Do you all have a preference on commercial vs. residential? If so why? 

Currently we plow 90% residential 10% commercial. We are in a position to start taking on more commercial; but, the residential profit margin is typically much higher. 

Your thoughts?


----------



## grandview (Oct 9, 2005)

I prefer commercial just because there is a more set time everything opens and closes. Resi's, everyone wants it done at different times or what not.


----------



## hansenslawncare (Feb 23, 2012)

grandview;1645107 said:


> I prefer commercial just because there is a more set time everything opens and closes. Resi's, everyone wants it done at different times or what not.


Roger that. I take it you plow more commercial than?


----------



## grandview (Oct 9, 2005)

That's all I do now.


----------



## alpine779 (Feb 16, 2010)

We are strictly commercial, found residentials to be a pita. Doesn't matter how careful you may be there is always gonna be grass to repair, concrete touch-ups etc to do in the spring. Driveways done twice, once before they go out, once after vehicle gone. Too many requests for different completion times. I also find commercial businesses WAY easier to deal with then residential customers. Mind you some customers in resi were quite pleasant. I just find commercials are straight forward - Here's your lot, get her done by 6:30, sand when finished, I'll call you when I want ya to remove it. Thank-you


----------



## 90plow (Dec 22, 2001)

The problem with residentials in most cases you cant go out to salt and some winters if you didnt have salting youd be out of buisness.


----------



## leigh (Jan 2, 2009)

With an average of 30" of snow ,zero tolerance high end commercial accounts are the only way to go in my area. The guys doing residentials may get 10 events per year. I'm going out for a half an inch. I make more money salting than I would make plowing 50 driveways. It's a no brainer here on the coast. If I only did drives it would be a hobby , a way to make maybe 1k per storm maybe.


----------



## BC Handyman (Dec 15, 2010)

I like the resi side cause it pays more & it generates more other work for me dealing with so many people, but I like the commecial side cause it easier, quieter, less of a pita. So really my preferance is whatever site I can stay in my truck I like more


----------



## Dogplow Dodge (Jan 23, 2012)

Good posts so far..

If I had the option of choosing what I would do more of, it would probably be commercial lots.

If I show up at 3:00am and start plowing, I don't wake anyone up with the sound of my diesel back and forth in front of the building.

The lots are generally "square or rectangular" in shape, so it's easier for stacking / placing snow, etc. 

I spend less time "worrying" about hitting a kids bicycle, a basketball hoop stand, or the Mercedes benz in the driveway


Field of vision is usually much better, as you're working in a much larger space. My dodge has a terrible turning radius, and it's horrible to work with in small, confined spaces.

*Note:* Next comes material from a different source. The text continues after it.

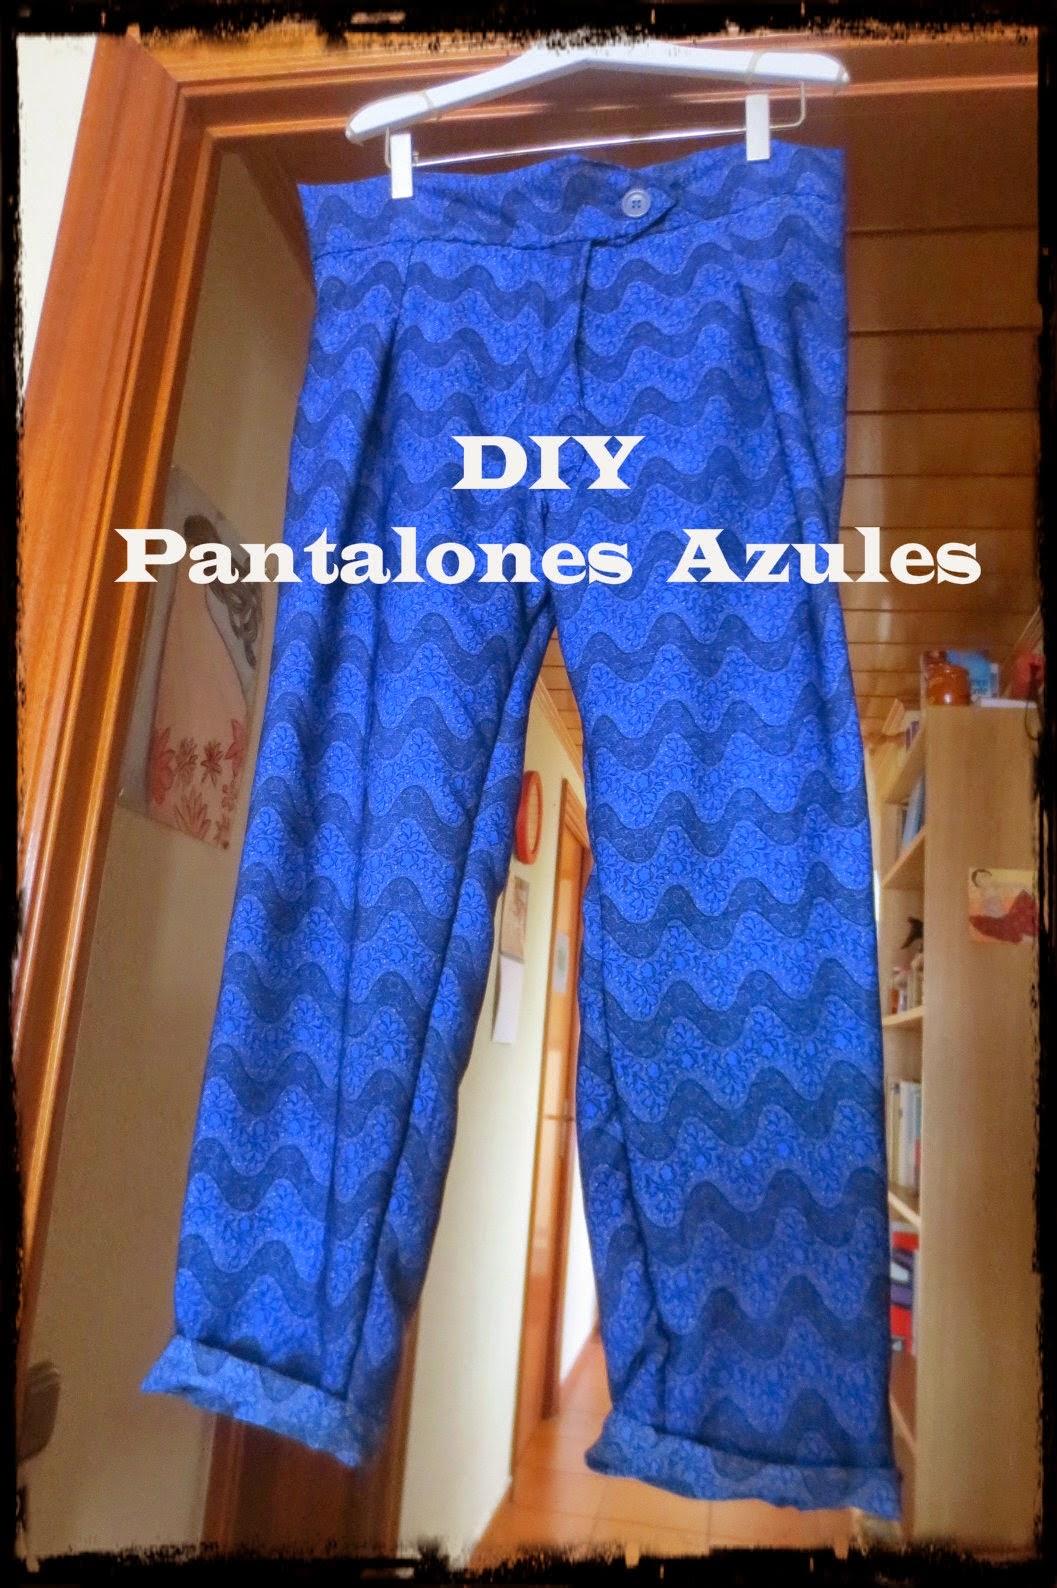 http://laportamagica.blogspot.com.es/2014/07/diy-pantalones-azules.html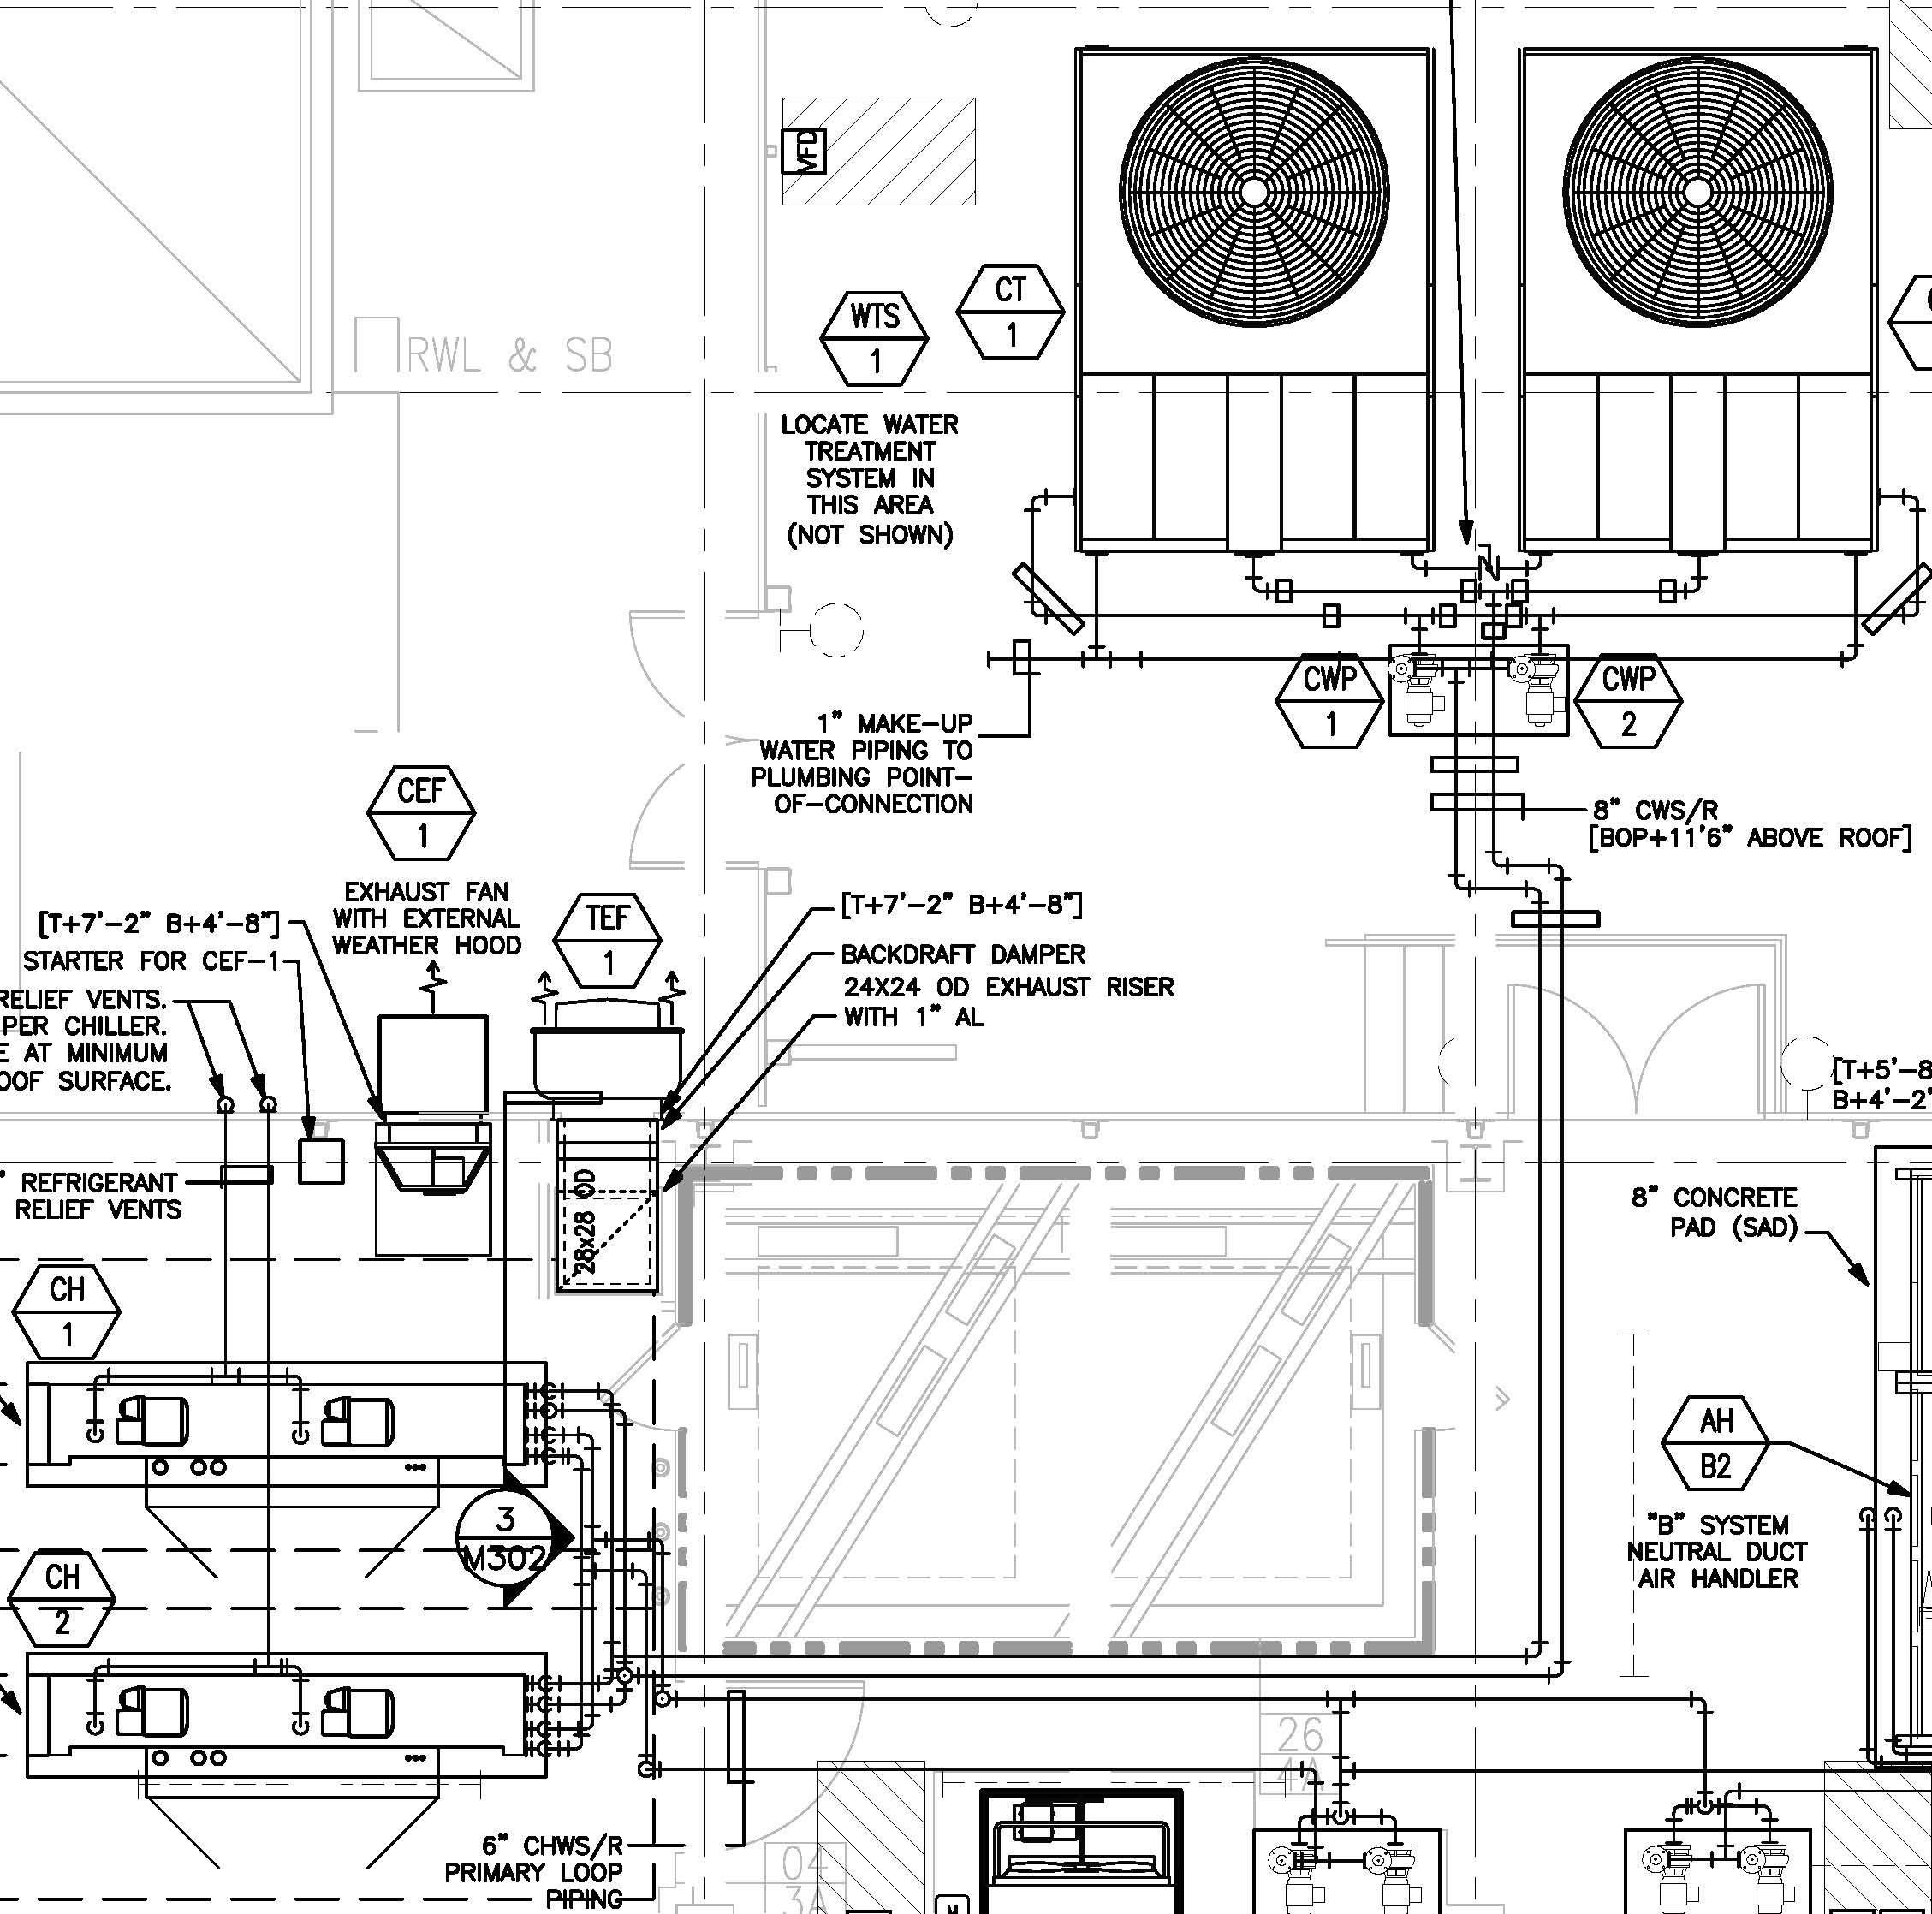 2002 toyota Sienna Engine Diagram toyota Fuse Box Circuit Automotive Wiring Diagrams Of 2002 toyota Sienna Engine Diagram

Residential, otoh, I get paid the same day.... so I guess each has it's own benefits.



Now all we need is some snow to go and push around...


----------



## leigh (Jan 2, 2009)

Another positive with commercials is the ability to stagger the open times. I've got properties that need to be done by 6 am all the way to evening. I even have a day care that follows the school closings, got a whole day to plow that one. I can fill my routes to 8 - 10 hrs and not be overly rushed. Just have to mix it up.


----------



## Dogplow Dodge (Jan 23, 2012)

leigh;1645195 said:


> Another positive with commercials is the ability to stagger the open times..


Yeah....

Every year, I plow a graveyard, and to this day, I've never been accosted by one zombie, living dead, or any other ghastly apparition, no matter what Time I'm there


----------



## beanz27 (Dec 22, 2012)

Money wise, I prefer resi. (no salter...yet) otherwise I MUCH prefer commercial. Less complaints, set times, people don't wine about back up alarms, lights, or anything else.


----------



## merrimacmill (Apr 18, 2007)

Commercial has a higher dollar volume with less administrative management. By that I mean, to make $60,000 on one property is pretty easy to come by in the commercial world. But to make $60,000 on resi, how many different customers will you need? 100, 200? How about collecting 100 to 200 payments, or sending that many invoices?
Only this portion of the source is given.